◆ What is needed ◆
Copy each line below exactly and leave the pictures out.

◆ Data extract ◆
--*--
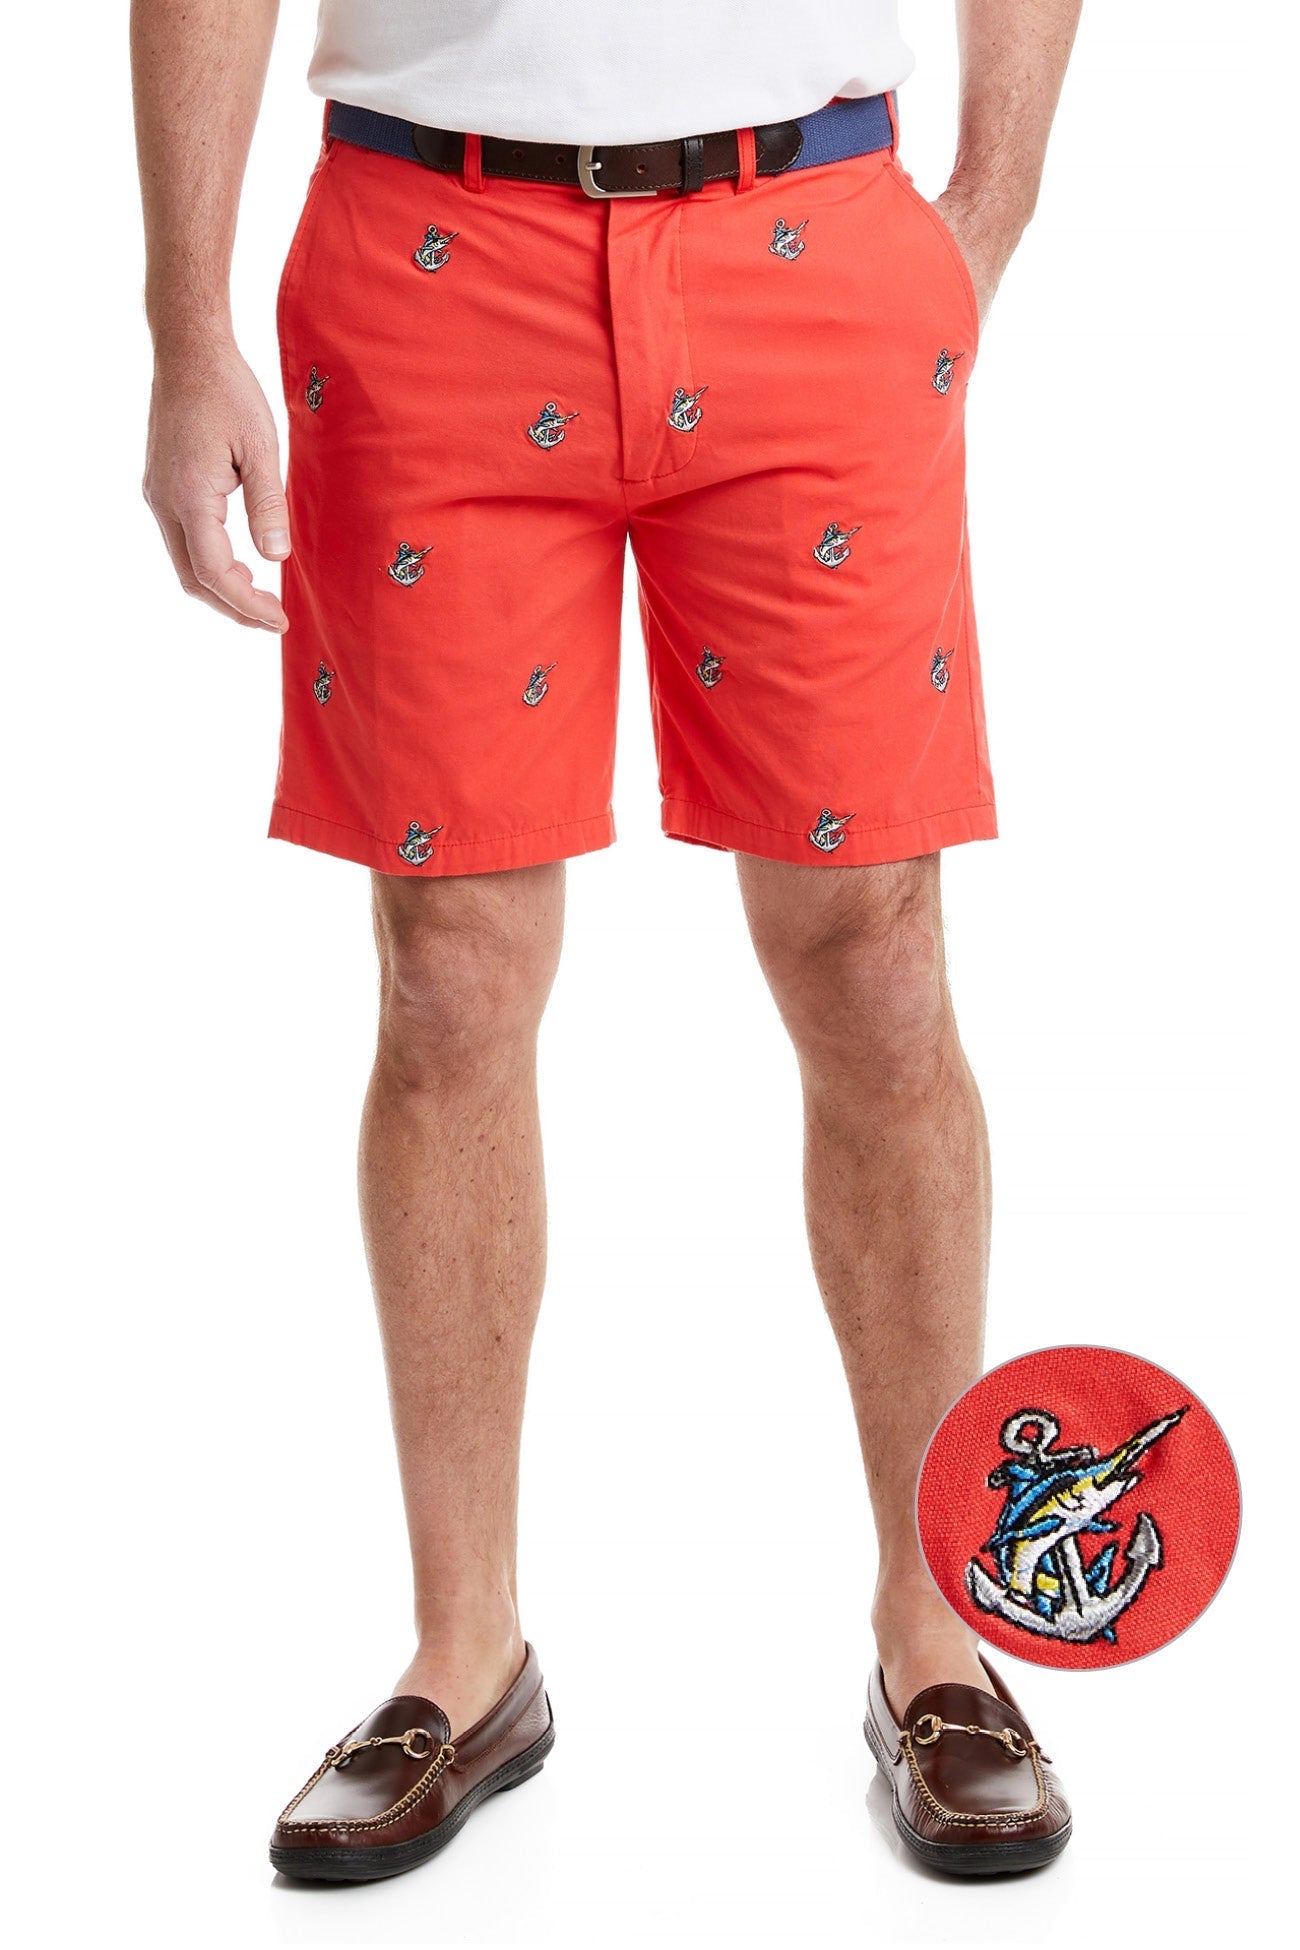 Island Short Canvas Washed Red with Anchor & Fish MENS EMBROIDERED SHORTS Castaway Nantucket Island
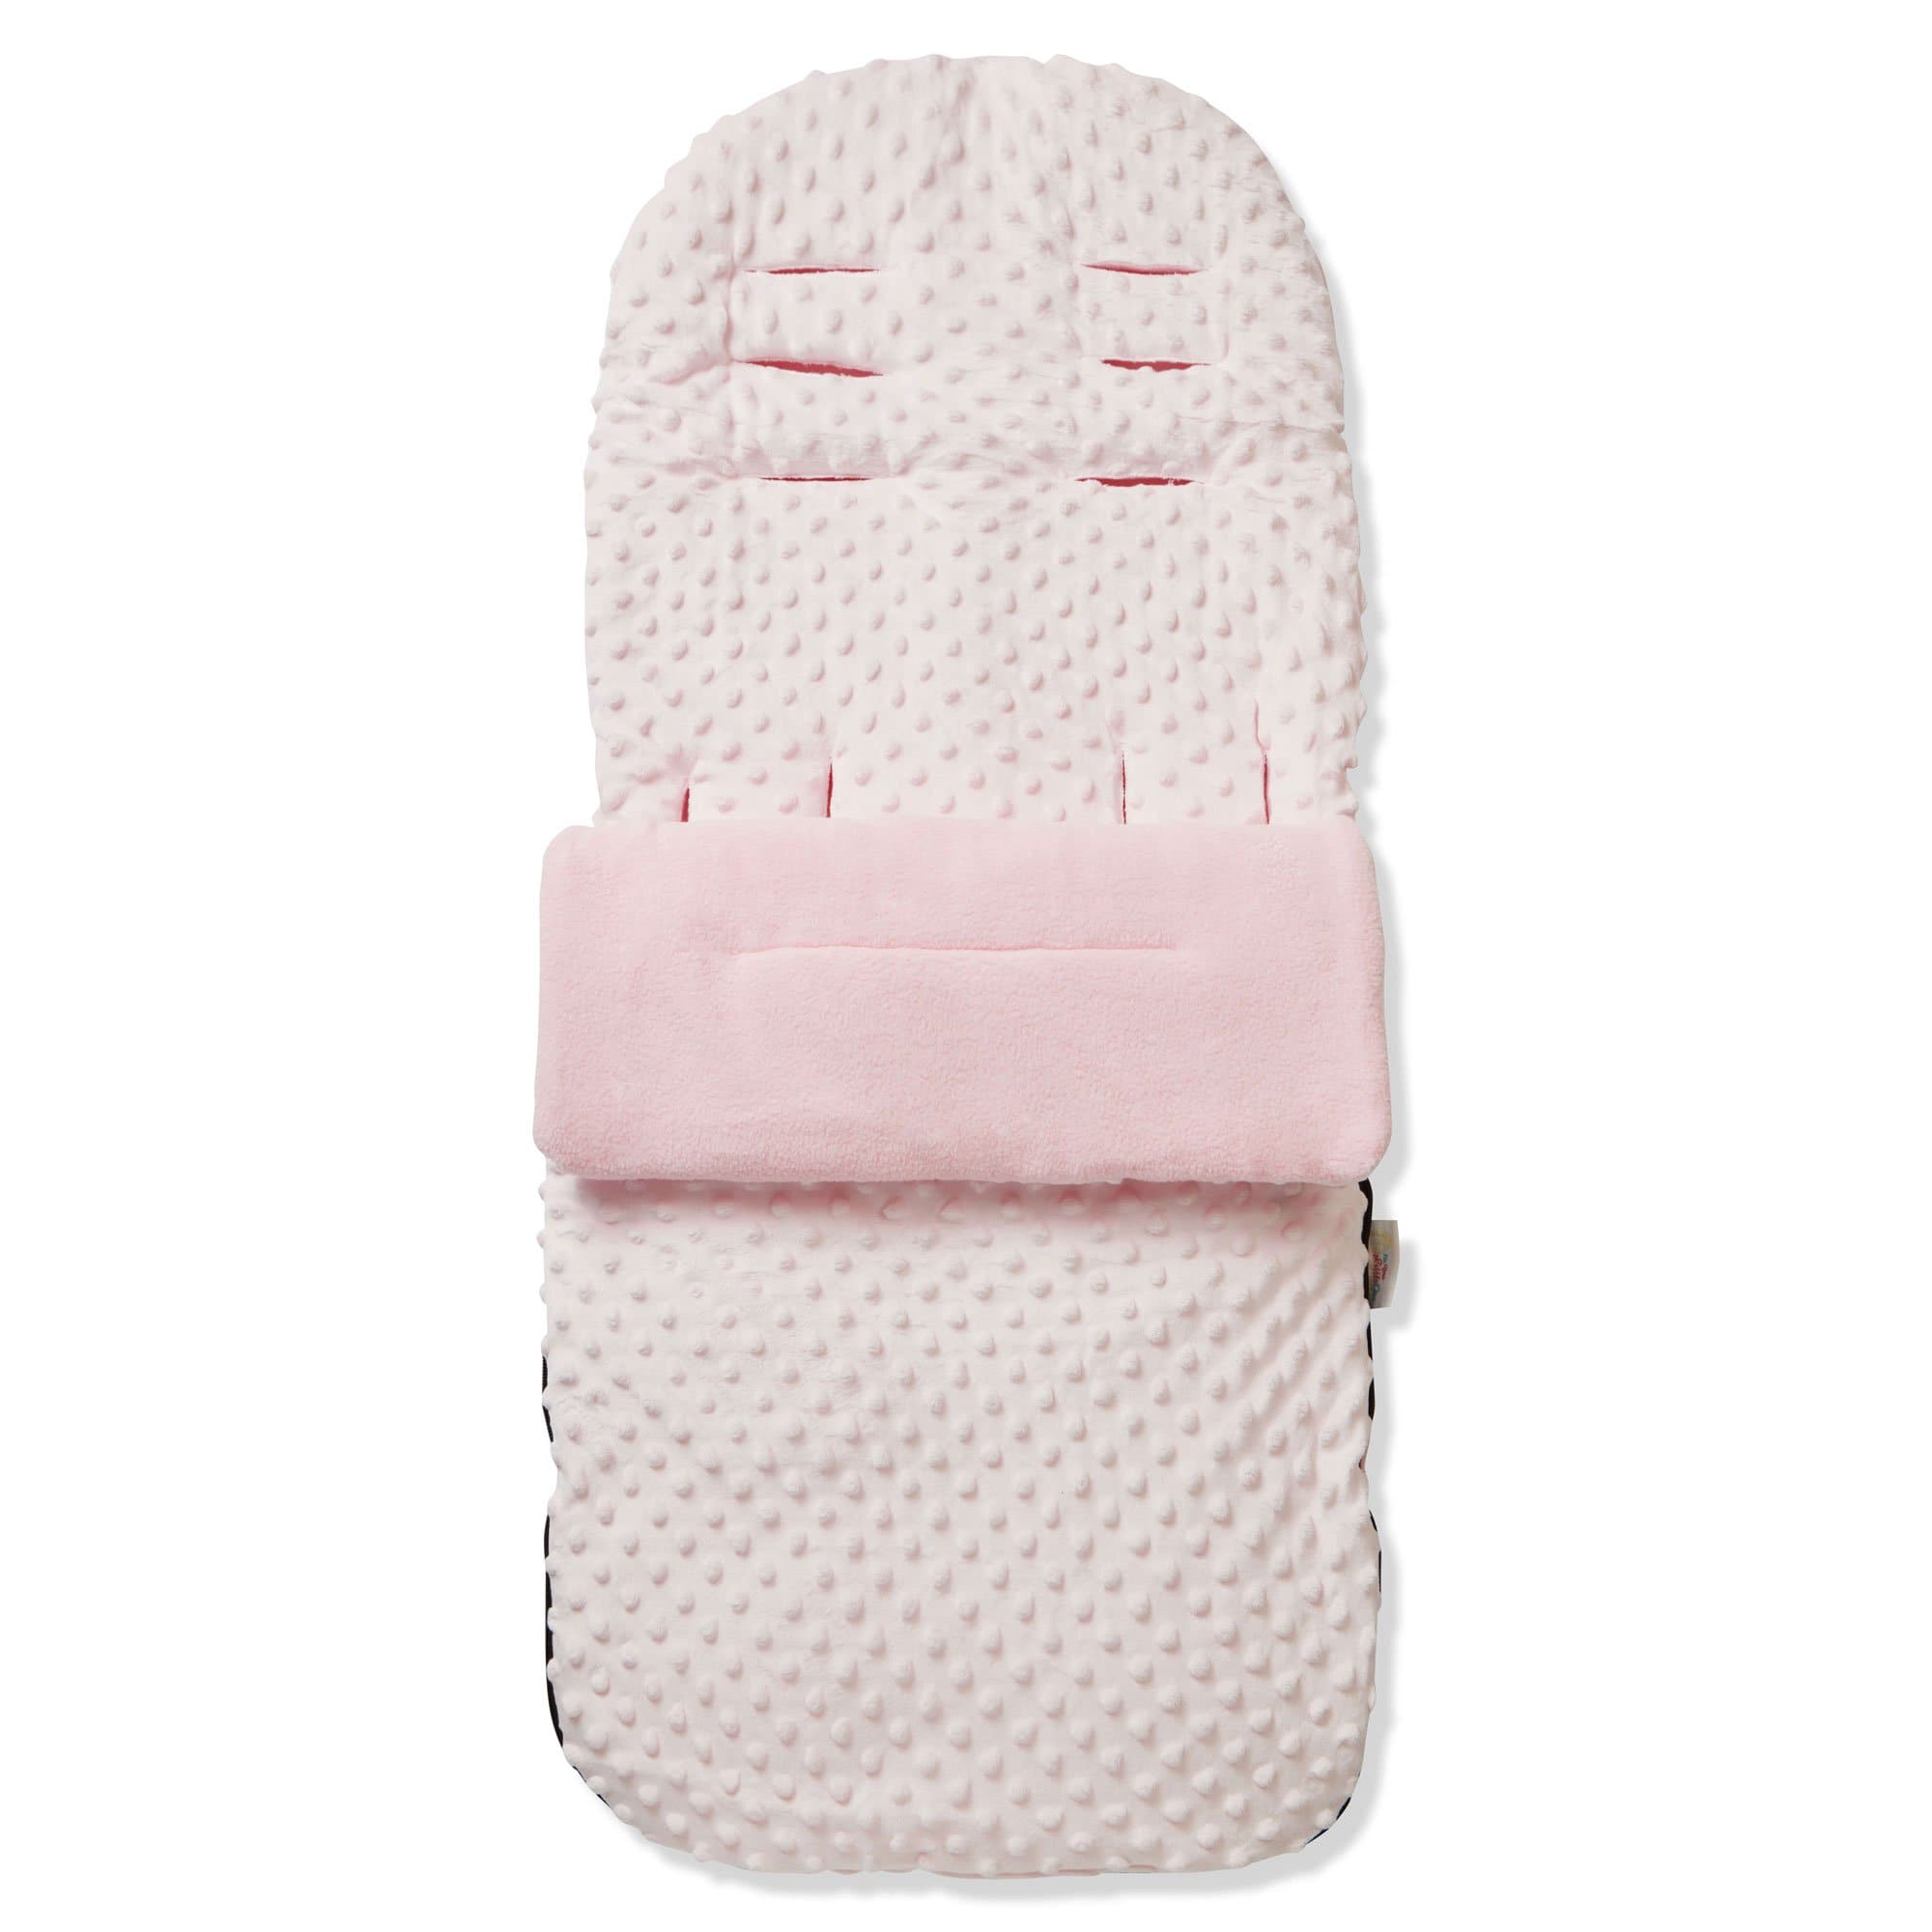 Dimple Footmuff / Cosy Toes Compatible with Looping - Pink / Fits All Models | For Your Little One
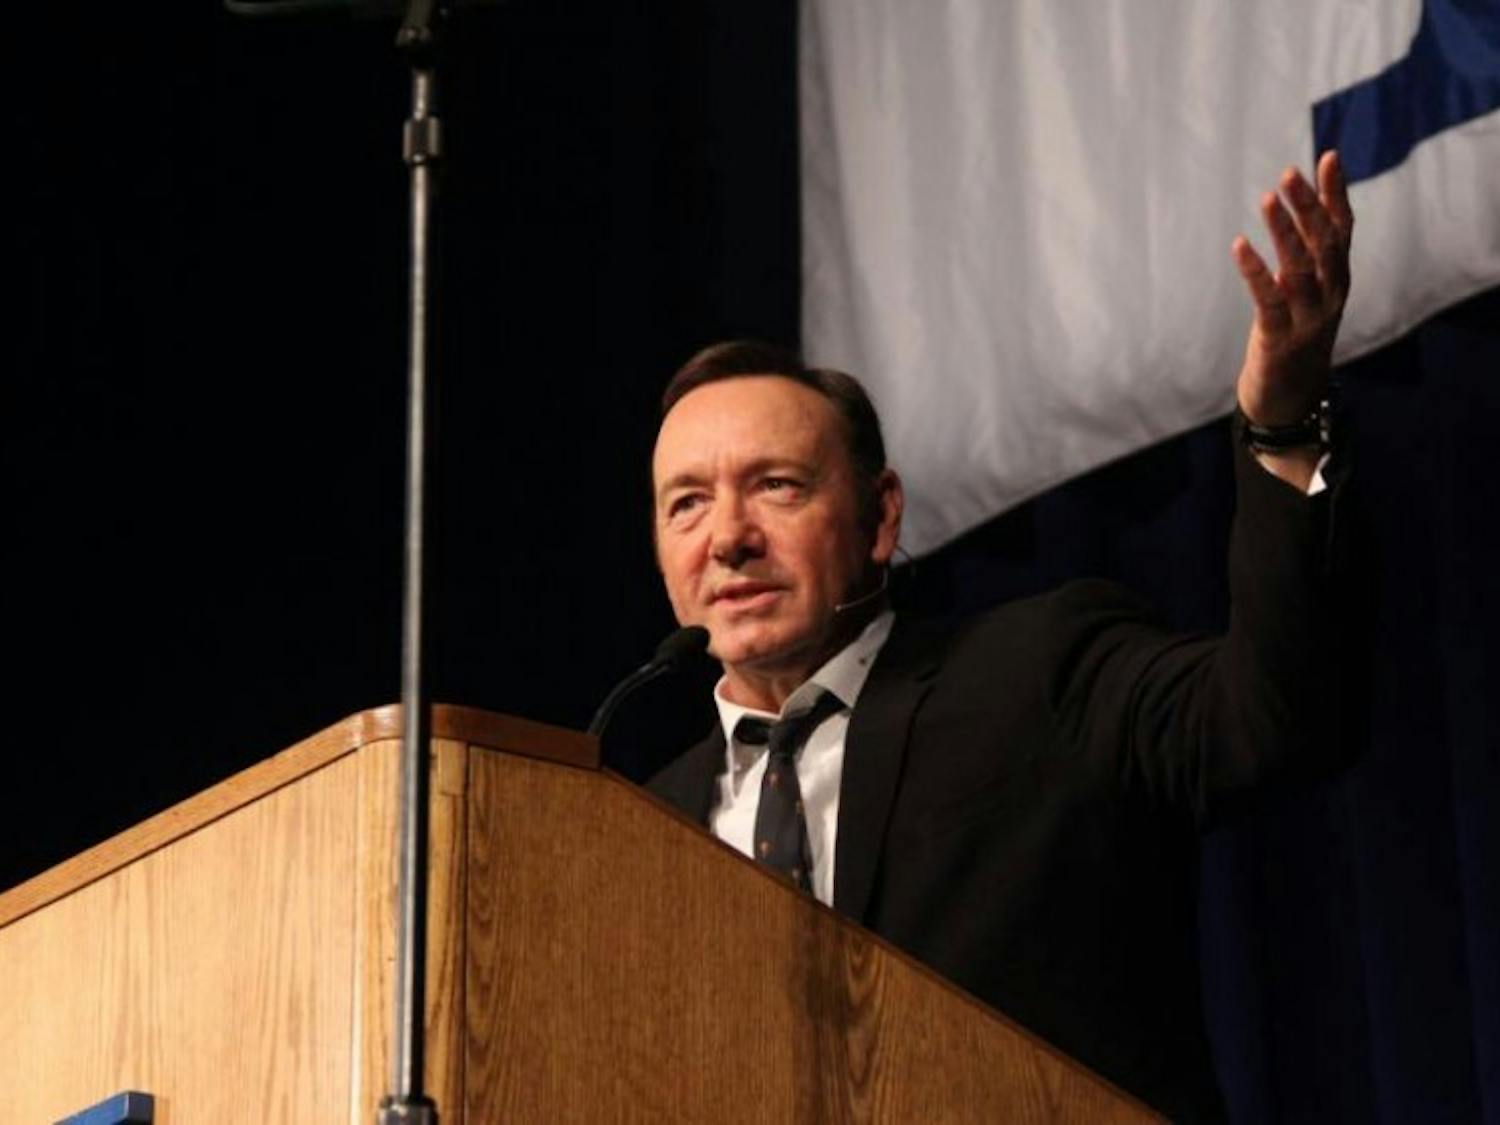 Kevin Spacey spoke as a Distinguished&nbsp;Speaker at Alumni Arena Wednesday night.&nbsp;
--*--
◆ Your response ◆
 Island Short Canvas Washed Red with Anchor & Fish MENS EMBROIDERED SHORTS Castaway Nantucket Island
 Dimple Footmuff / Cosy Toes Compatible with Looping - Pink / Fits All Models | For Your Little One
 Kevin Spacey spoke as a Distinguished&nbsp;Speaker at Alumni Arena Wednesday night.&nbsp;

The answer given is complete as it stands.